Enhancing Resilience
Session 2: Resilience and Innovation in Modern Roof Design: Strategies for Sustainable Success
Over the past two decades, roof assemblies have undergone significant evolution, driven by issues that fall under the umbrella of sustainability, such as resilience, energy efficiency, recyclability, urban heat mitigation, and increased service life. While these movements have catalyzed much of the innovation, advancements in roof system design also are responding to the critical need for resilience within the built environment.
This session provides a practical exploration (manufacturer-agnostic) of roofing assemblies, equipping attendees with essential insights and actionable strategies for managing their roofing portfolios. It begins with an accessible overview of roofing and building science, demystifying core principles for both industry professionals and stakeholders with limited technical backgrounds.
Participants will learn six essential facts about roofing systems insights that every building owner, facility manager, and design professional should understand to make informed decisions. These foundational principles cover sustainability, drainage, resilience, attachment methods, and fire safety, highlighting key considerations that align with evolving codes and standards. Attendees also will gain an understanding of how resilient roofing strategies can enhance the longevity and performance of roof systems, ensuring they meet the challenges of modern climate conditions.
Building on this foundation, the session transitions to a discussion of applying this knowledge, emphasizing the importance of resilience when planning and maintaining a roofing portfolio. Key topics include integrating sustainability and resilience goals, adapting to changing building codes, and evaluating the lifecycle performance of roofing assemblies. Special attention will be given to addressing challenges like drainage and wind uplift resistance, as well as the role of reflective materials and thermal resistance in achieving resilience and sustainability without compromising durability.

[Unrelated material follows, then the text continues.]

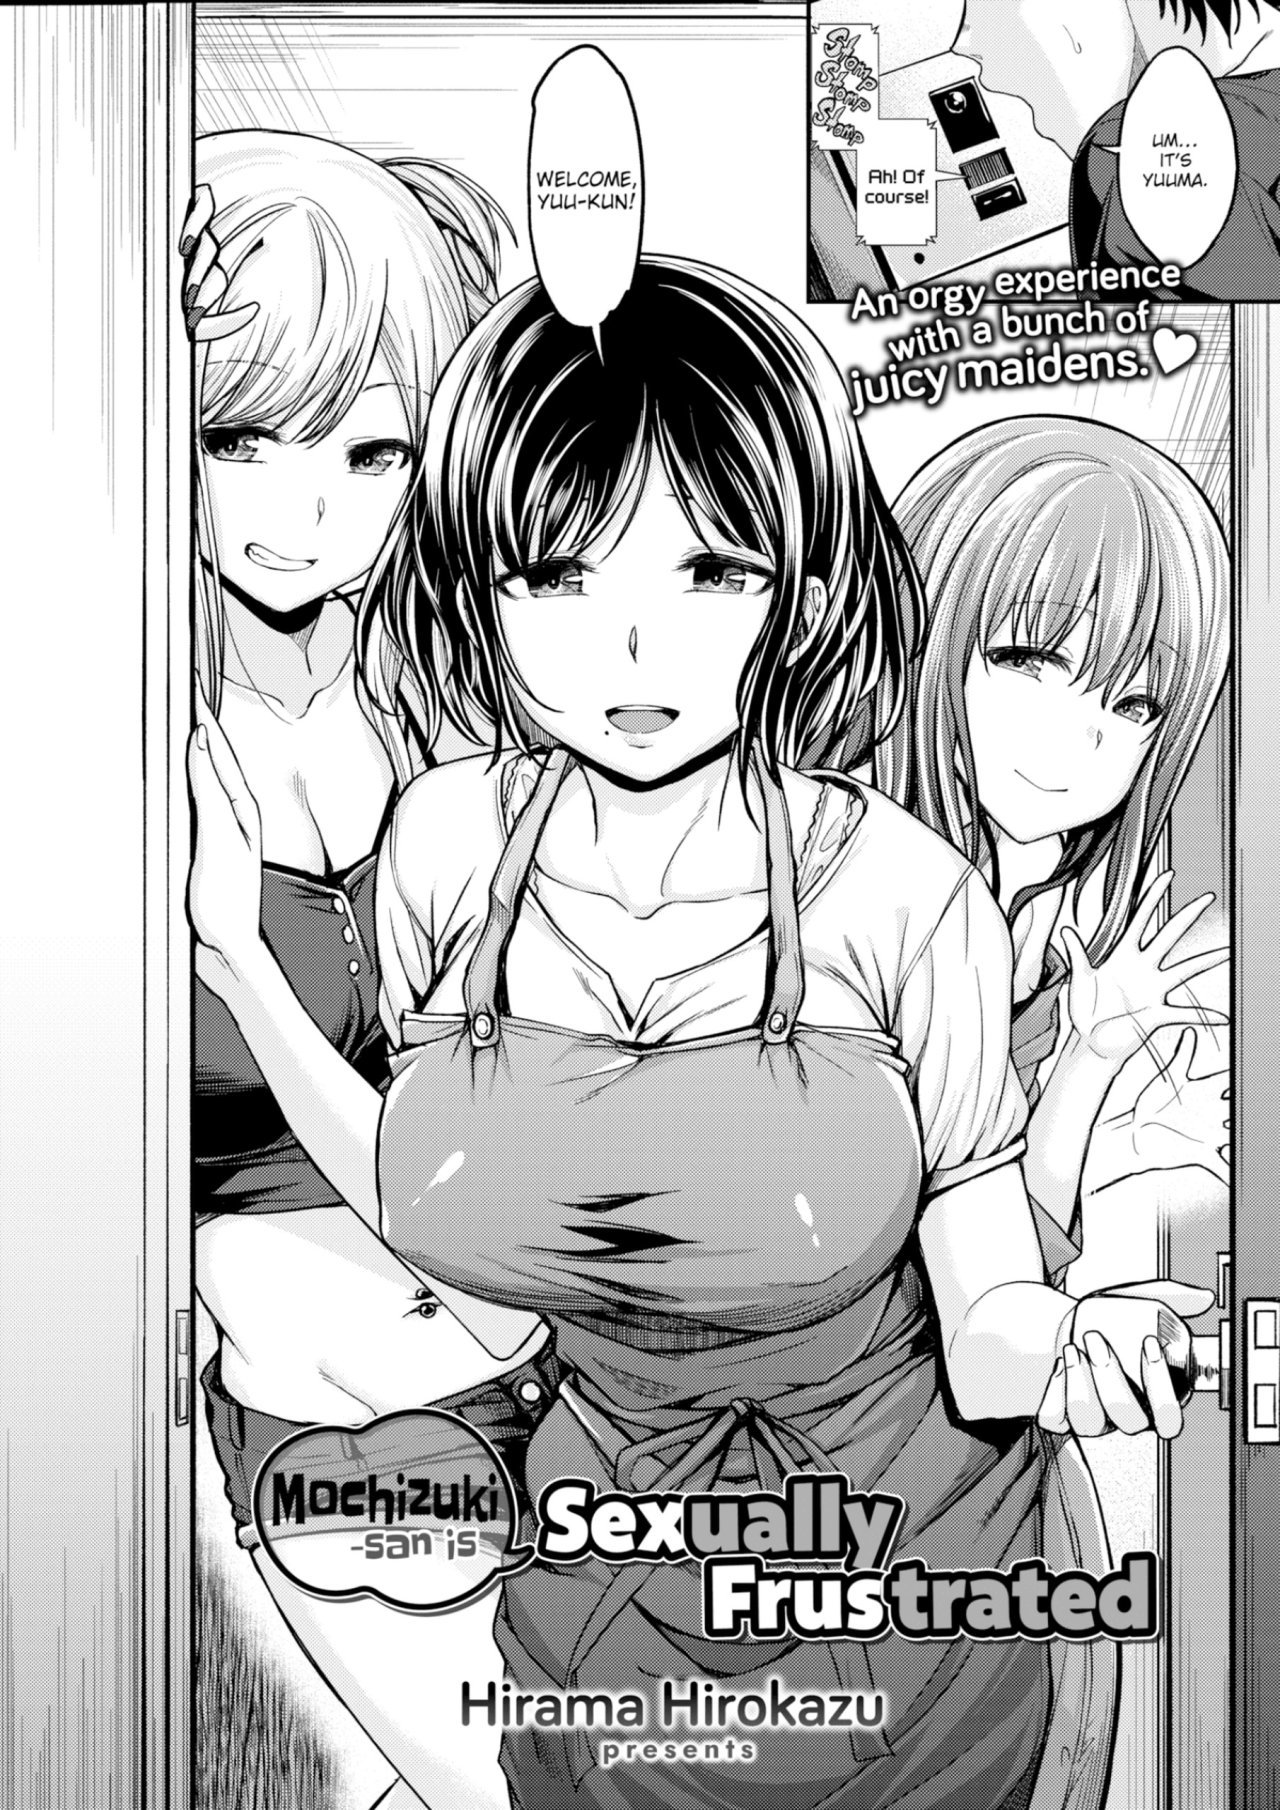 Mochizuki-san is Sexually Frustrated - 1

Interactive engagement will be included, as participants will “construct” 4-inch roof assembly mockups to allow attendees to visualize and discuss the impacts of various design decisions. Also, a phone-based voting app will be used to gather audience input on key design questions, encouraging dialogue and fostering a collaborative learning environment.

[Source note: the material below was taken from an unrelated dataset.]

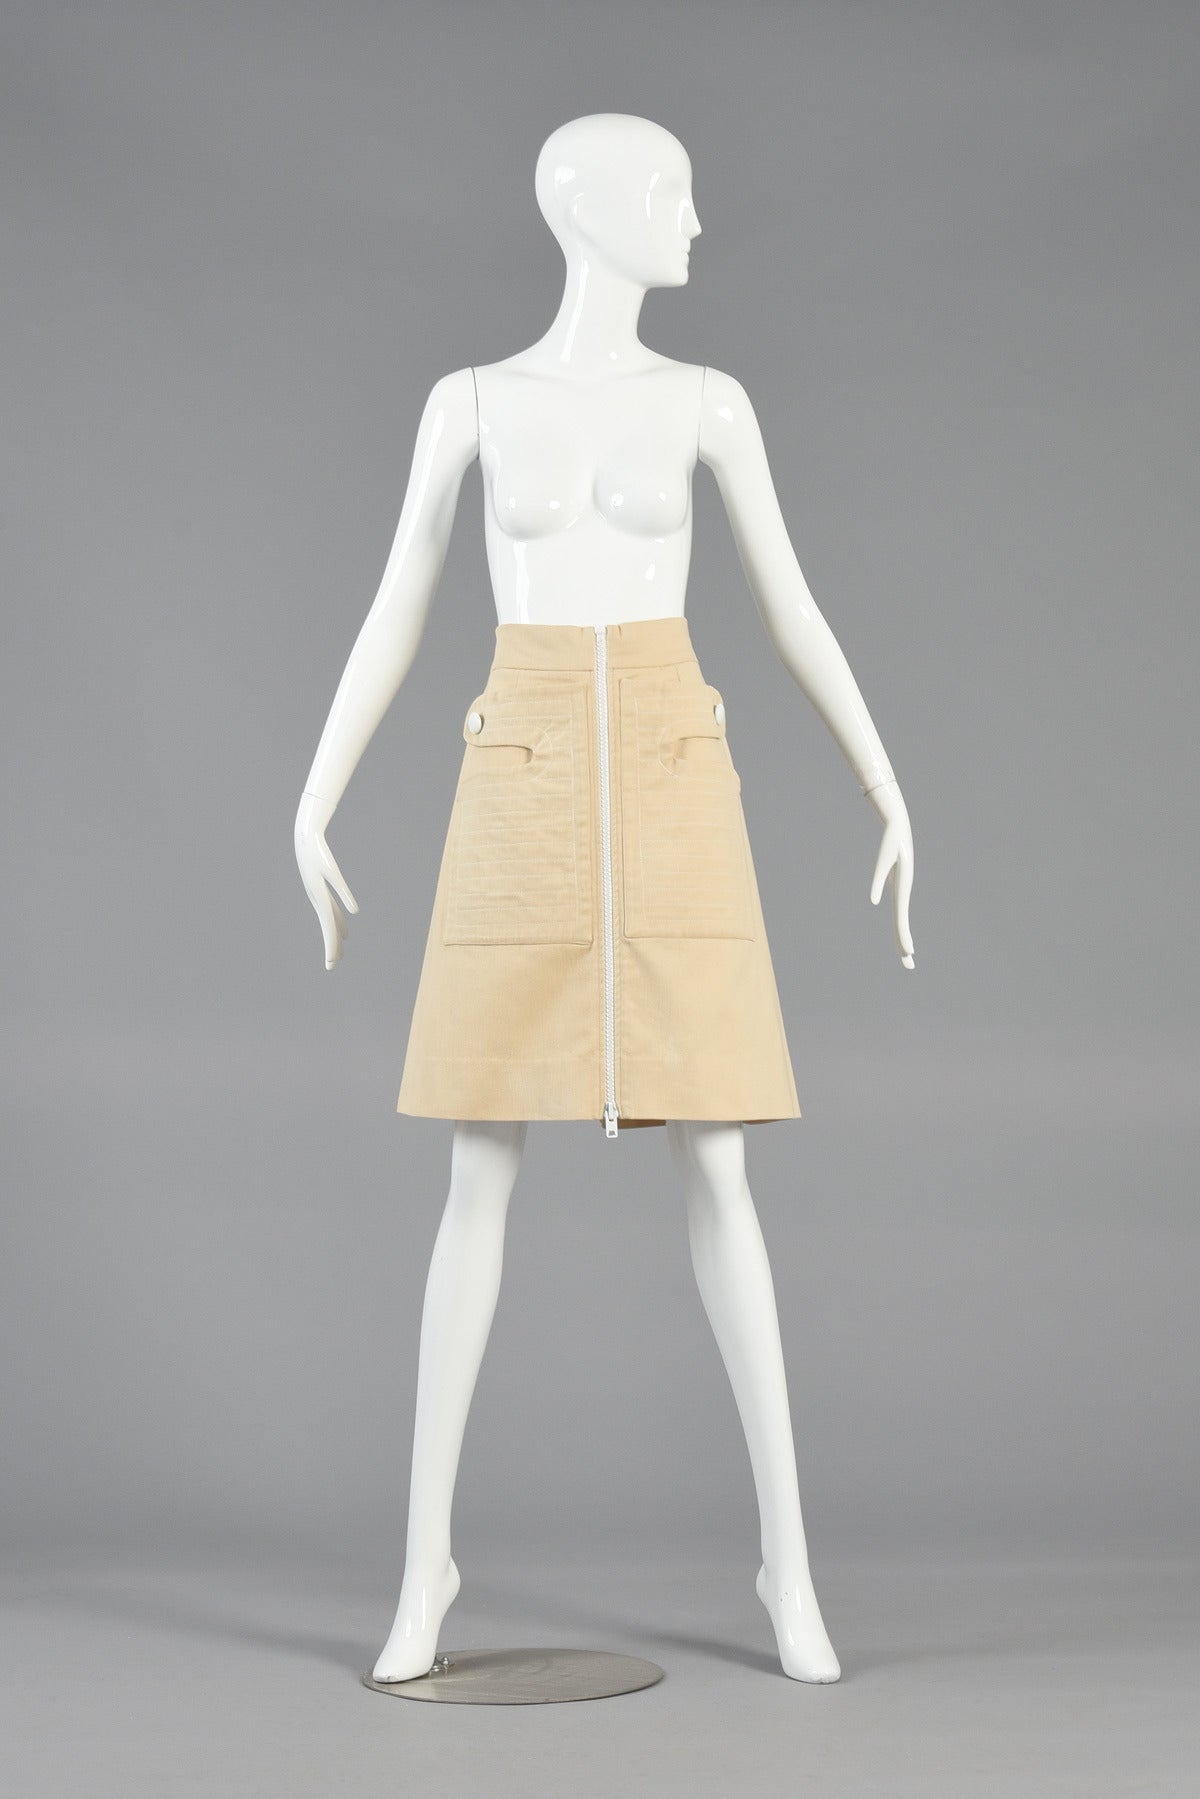 Killer 1960's buttercream colored Pierre Cardin space age skirt. Absolutely awesome find! Buttercream heavy-weight brushed cotton (almost feels like a brushed denim) with wide adjustable zipper down the front. Of course the best part though are the

Attendees will leave with practical tools and knowledge to apply resilient roofing principles in their own work, whether ownership, management, or design.
Learning Objectives:
- Explain the six primary facts about roofing systems, including their role in sustainability, resilience, drainage, attachment, and fire safety, ensuring a foundational understanding of modern roofing assemblies.
- Discuss practical considerations for integrating resilience and sustainability principles into roofing portfolios, with a focus on adapting to evolving codes and enhancing lifecycle performance.

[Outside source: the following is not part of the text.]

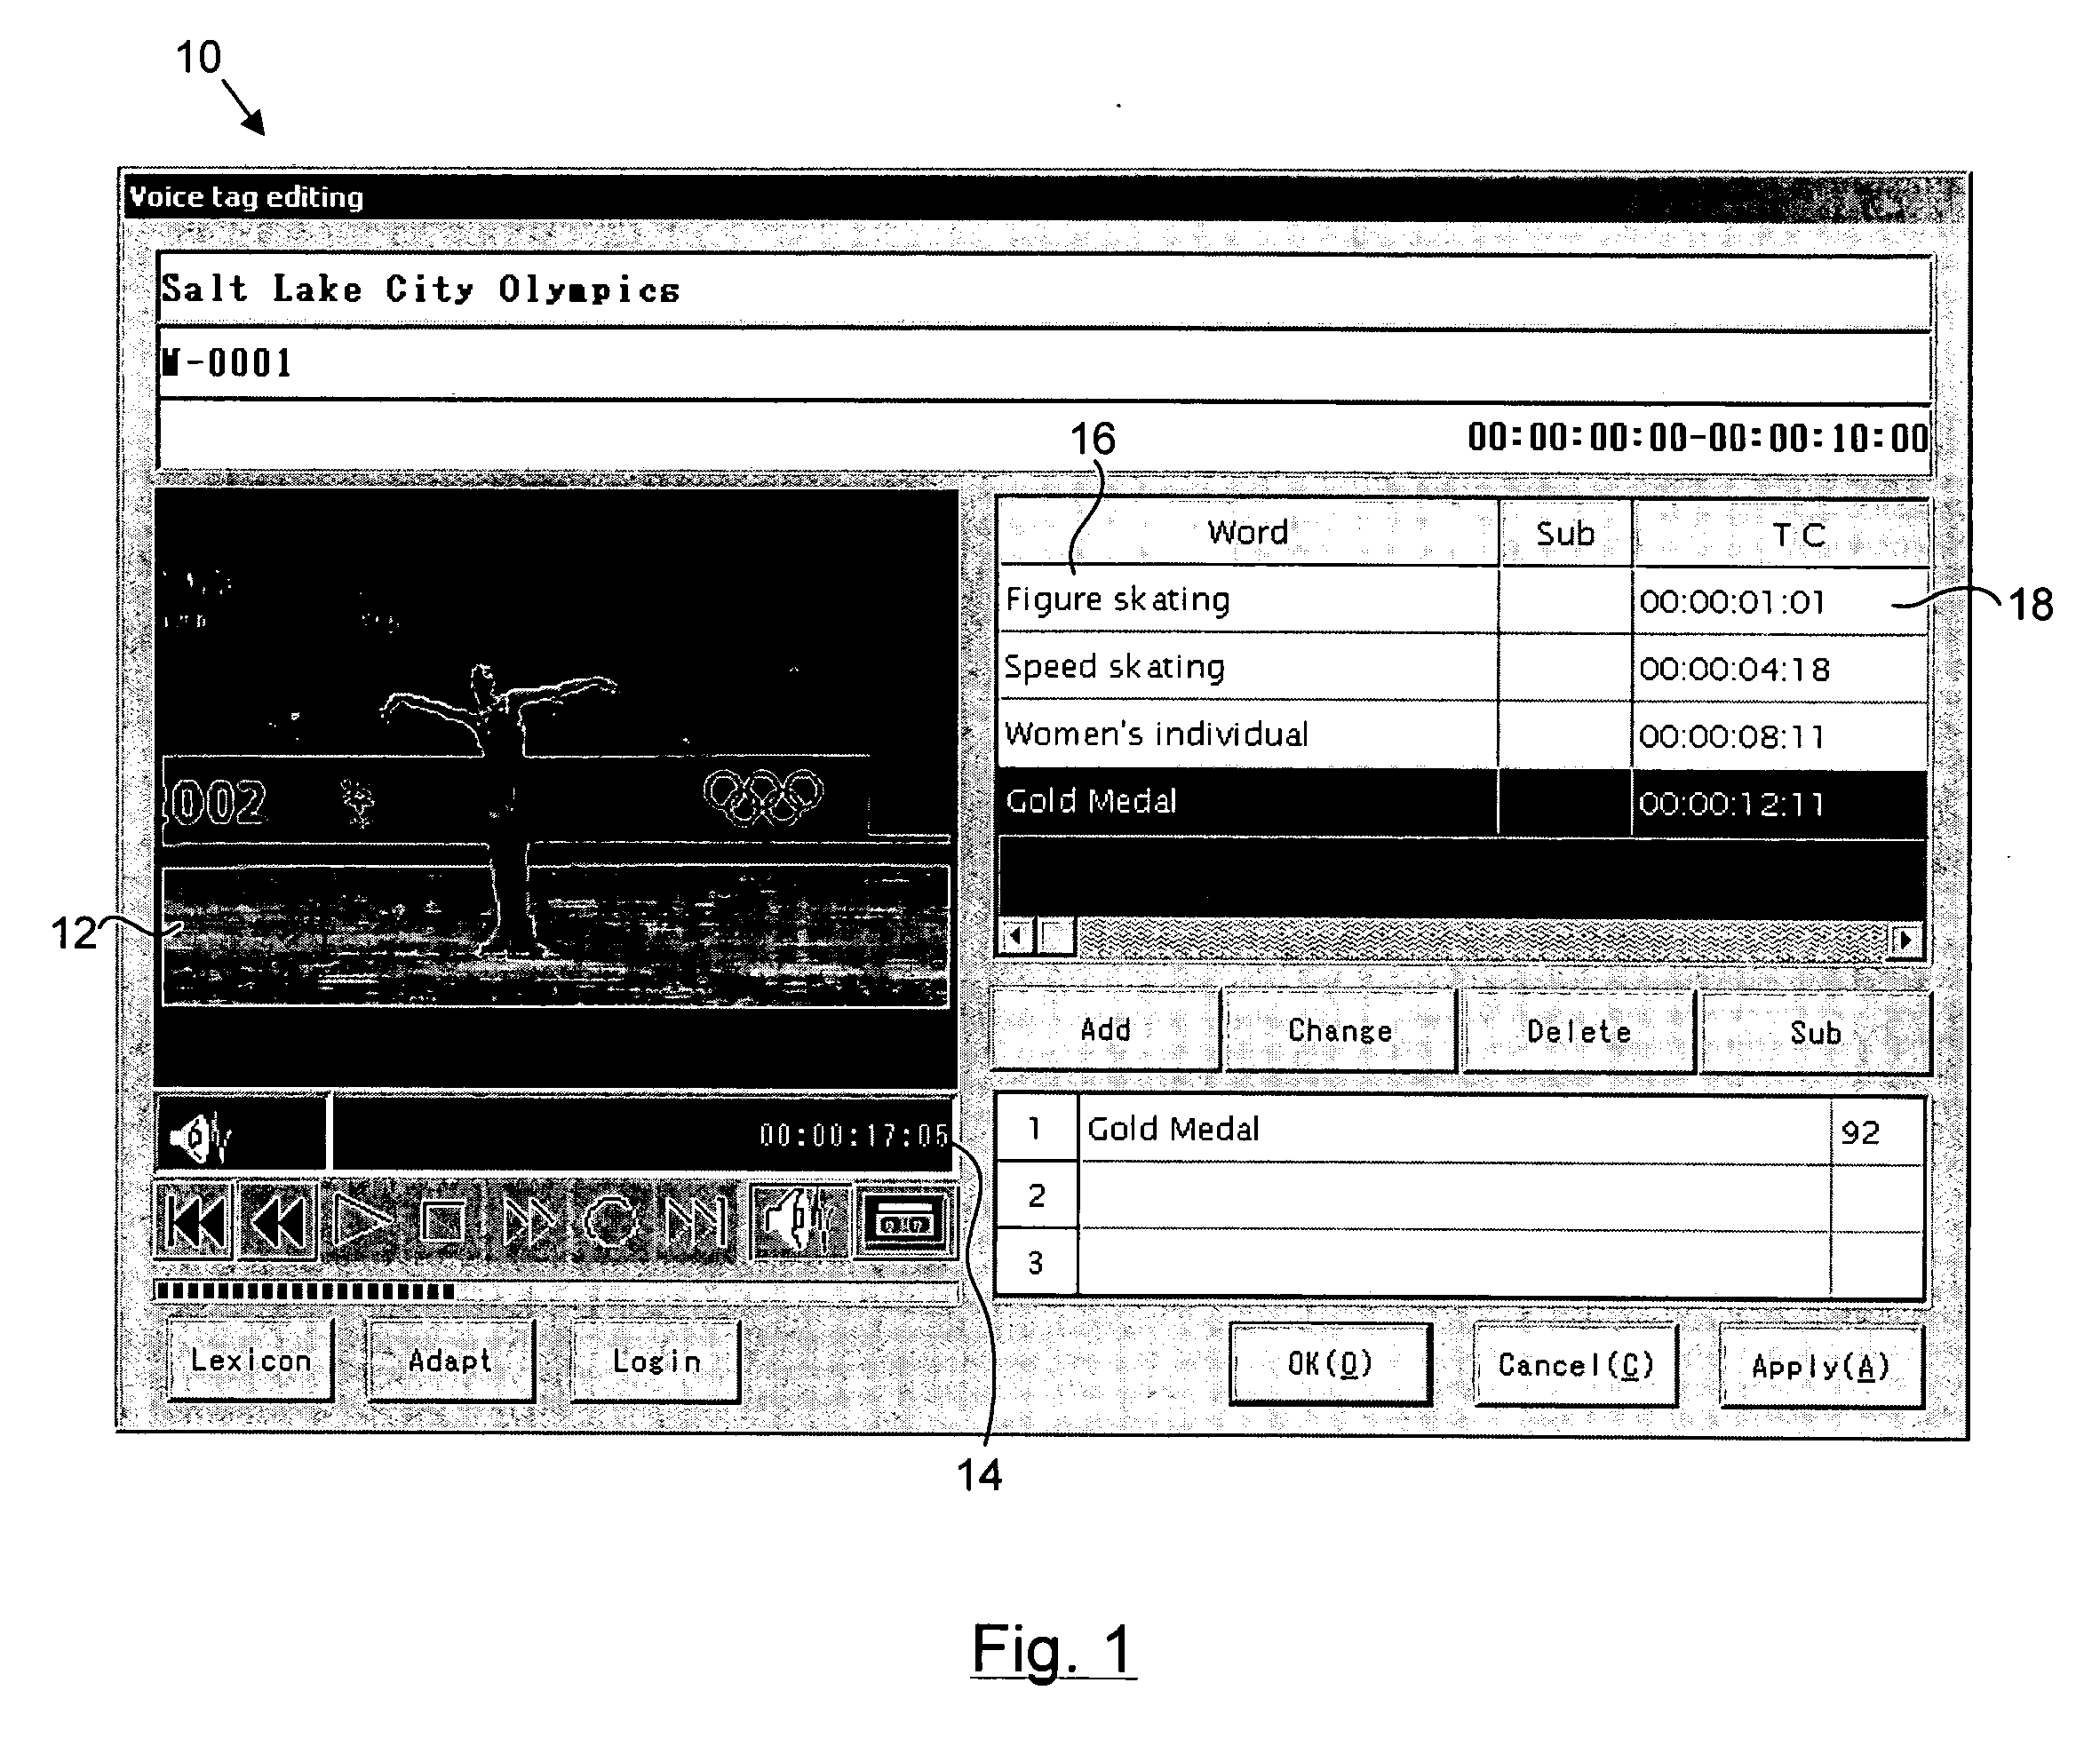 Apparatus and method for voice-tagging lexicon

- Evaluate how design decisions impact roof performance and prioritize key factors and design considerations for resilient roofing systems.
- Analyze how resilient roofing strategies, such as improved drainage systems and wind uplift resistance, contribute to the longevity and performance of roofing assemblies within the built environment.
Session 3: Designing and Building Resilient Communities with ICF Wall Systems
The use of insulated concrete forms (ICFs) offers a viable alternative for the U.S. to build sustainable and resilient structures for our communities. Inclement weather with extreme hazard events continues to expose annually the vulnerabilities of homes, apartments, schools, malls, shops, hospitals, sports facilities, and factories.
ICFs are stay-in-place concrete forms designed for creating both horizontal and vertical elements in concrete construction. These elements – walls, columns, pilasters, floors, and roofs – are designed and built according to the American Concrete Institute (ACI) 560 Standard Specification, Insulating Concrete Form Design and Construction Report.
The ICF wall system is an integral part of this comprehensive construction system. Typical ICF wall construction systems can be either flat, waffle, screen grid, and post-and-beam systems. Design engineers specify concrete that meet compressive strength slump, consistency, and consolidation requirements of ASTM C150/C150M, C595/C595M and C1157/1157M.
Together with the formwork, bracing and scaffolding, reinforcement configuration, and internal concrete core, the ICF construction can sufficiently resist the moment, shear, and axial loads from different external and internal sources. Three types of structural designs are employed in ICF systems – prescriptive design, rational engineering design and rational engineering design validated by testing. The ACI 318 design methodology used for the concrete core is necessarily dependent on the final configuration of the concrete core.
Using ICFs has proven to provide appreciable levels of functional and performance recovery benefits for different building structures in the U.S. and North American communities. For communities to serve the needs of citizens better, it is critical to have building systems that can withstand the debilitating effects of storms, hurricanes, and tornadoes, which now have higher frequencies than before.
Learning Objectives:
- To compare the key difference between ICFs and conventional concrete building construction.
- To assess the different ICF wall systems utilized for resisting in- and out-plane forces.
- To discuss the structural and non-structural benefits of ICFs.
- To present practical cases of resilient ICF construction in the U.S. and North America.